Quoting Russell Coker (russell@coker.com.au):
The fast boot of systemd is good for servers.
The fast boot, deterministic behaviour, absence of dependency hairballs involving peculiar Freedesktop.org desktop software, and ability to debug problems of OpenRC is _terrific_ for servers.
There's a lot of complexity in SysVInit scripts.
Well, that's because it emerged from System V, which was a bureaucratic AT&T nightmare. About the only advantage it had over BSD-style inits was that an edit error in a single service script could (usually) not render the system inoperable as with the BSD rc.inet1 script, etc. What the world needed was something that abandoned baroque AT&T cruft, was capable of fielding asynchronous uevent and hotplug messaging, and at the same time wasn't a monstrous construct from people who think binary logging is a good idea and who've never met a superfluous dependency they didn't like. For example, OpenRC. Which fortunately is very easy to converge systems onto -- and is also portable, transparent, and stable. Touting systemd because it isn't an 'old-fashioned init system' and comparing it only to SysVInit is pretty much the same thing DJB fanboys do when they tout Qmail as better than an 'old-fashioned MTA system' like sendmail. I.e., it's a fake and artificial comparision, comparing only against one antique while ignoring modern, current competitors.
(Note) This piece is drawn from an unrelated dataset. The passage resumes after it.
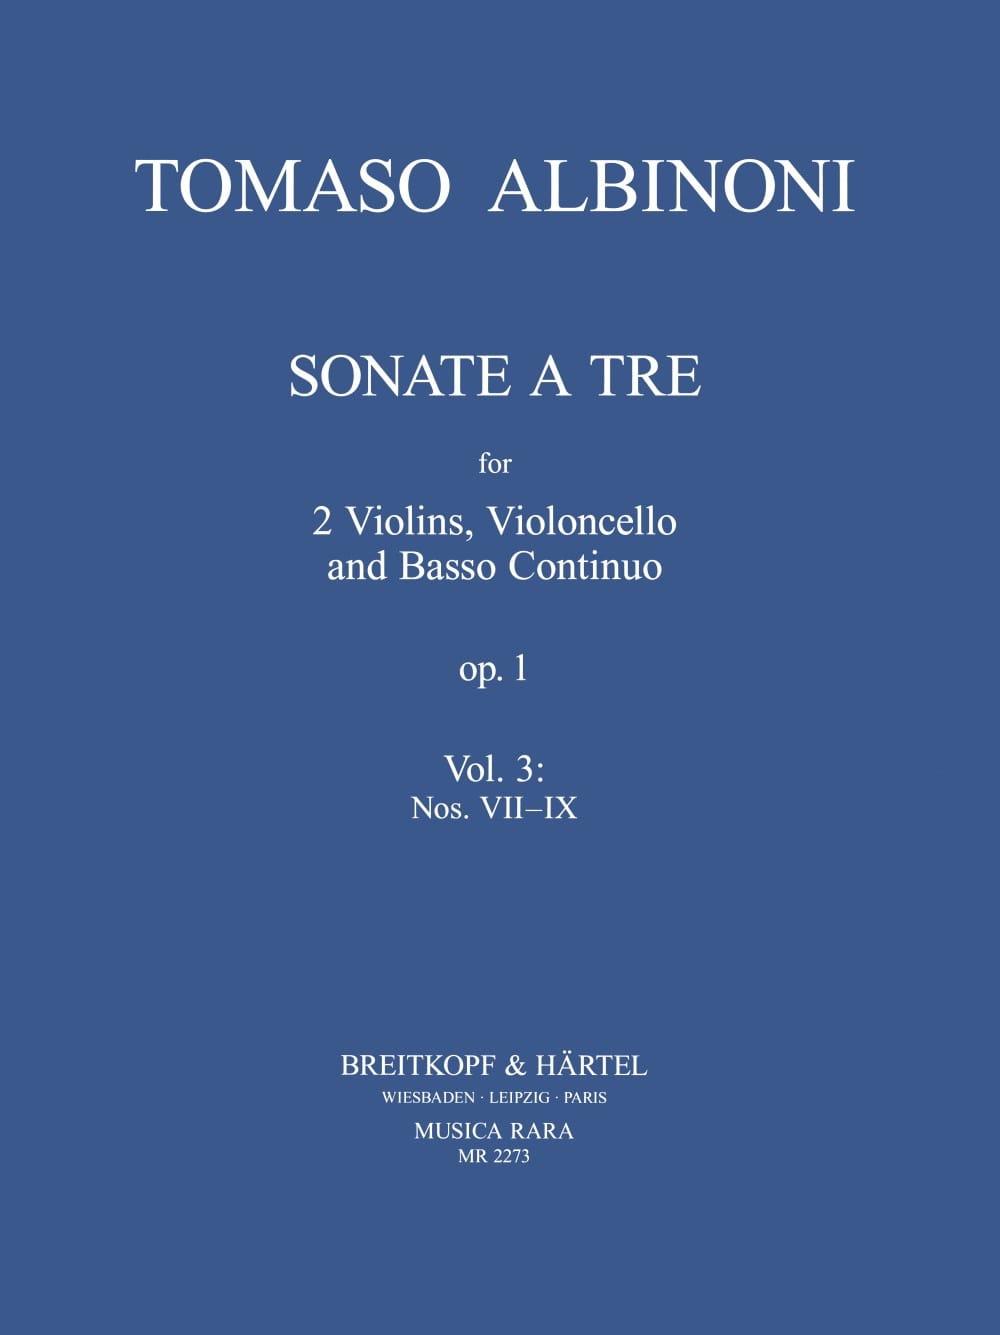 Sonate A Tre Op.1 Vol.3 - ALBINONI - Partition - laflutedepan.com

For example, OpenRC.
The init situation was a lot simpler before SysVInit was introduced to Linux, strangely there weren't many complaints when SysVInit was introduced.
Actually, there were plenty. The problem was that few reasonable alternatives existed _at that time_. Fortunately, now we have such things as (to pick a few examples somewhat arbitrarily) Epoch, nosh, perp, runit, OpenRC, s6, uselessd -- which is actually a rather diverse collection: Epoch: Single-threaded init system designed for minimal footprint, compatibility and unified configuration. nosh: init scheme, somewhat DJB-ish perp: service manager/supervisor runit: init scheme _with_ service manager/supervisor OpenRC: dependency-based and event-driven init, BSD-ish s6: service manager/supervisor, DJB-ish a la daemontools monit: service manager/supervisor uselessd: truly modular and sanely scoped init forked from systemd v208 (in part to make the point using code about what's wrong with systemd's design, but in part to make lemonade from a lemon) My friend Steve Litt has posted a taxonomy. (http://www.troubleshooters.com/linux/init/features_and_benefits.htm) Like, suppose you don't want your init to toss decisions about whether someone is permitted to carry out an action to PolKit? Suppose you thought socket activation was cute in inetd/xinetd but there's a good reason we don't use it generally elsewhere and only an idiot like Poettering would put it as an init default? Suppose you have no confidence in system software from a desktop coder so dumb he thinks binary logging is a step forward? Suppose you want process supervision only for _selected_ processes and think it's dumb as a default? Suppose you think a cgroups manager is a great idea, but think it's dumb for such complex code to be part of process #1 when it doesn't need to be? You might want a lightweight, debuggable init that suited to task, rather than some code hairball from the author of Pulse Audio. OpenRC on Debian 8.0 Jessie is particularly nice, in my experience.